# Is there a flow chart for the Rocky



## Pikedaddy (Jul 20, 2005)

I cant find a flow chart anywhere on the web for the Rocky river .Is there one somewhere?


----------



## gstrick27 (Apr 14, 2004)

not exactly sure where the rocky is but this site has flow charts for most major rivers in ohio or pretty much any other state.

http://water.usgs.gov/cgi-bin/waterwatch?state=oh&map_type=flood&web_type=map


----------



## archman (Apr 30, 2004)

There's no flow chart for the Rocky.


----------



## Steel Cranium (Aug 22, 2005)

Here's how I estimate conditions:

Check out flow for the black river (http://waterdata.usgs.gov/oh/nwis/uv?04200500). This provides an estimate for the west branch of the rocky, since it generally shares the same watershed.
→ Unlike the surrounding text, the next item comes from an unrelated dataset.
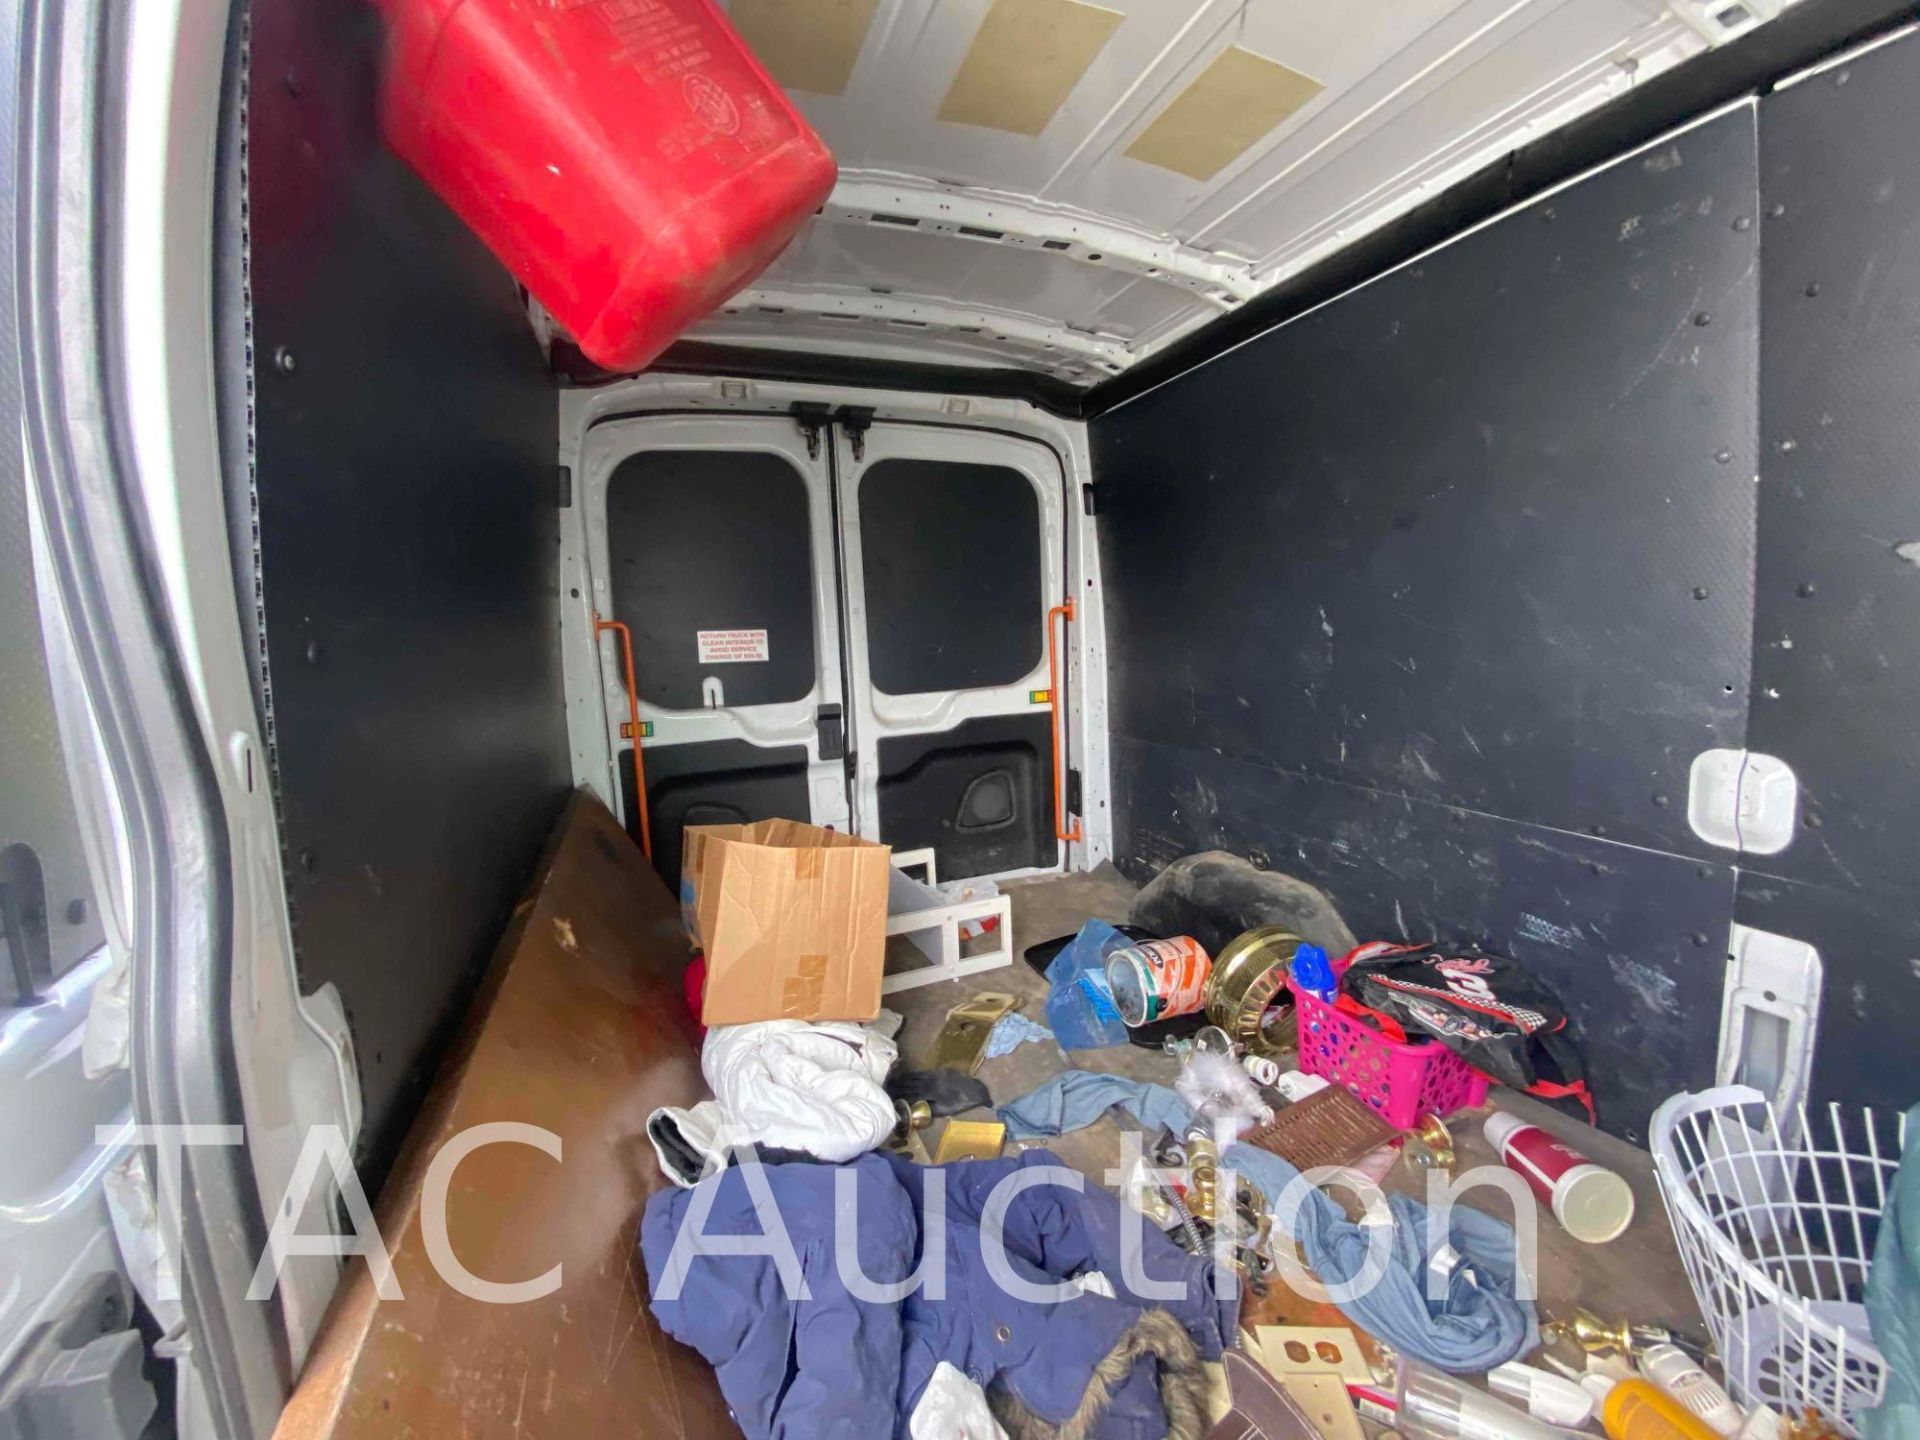 2019 Ford Transit 150 Cargo Van - Image 16 of 53

The lower cuyahoga (http://waterdata.usgs.gov/oh/nwis/u...065,00060,00010) and tinker's creek (http://waterdata.usgs.gov/oh/nwis/u...065,00060,00010) will provide a guess on the east branch.

Neighborhood precipitation amounts can be found in http://www.afws.net/data/oh/Cuyahoga.HTM (Berea and Fairview Park, east branch/main stem) and http://www.afws.net/data/oh/Medina.HTM (Granger and York, west branch).


----------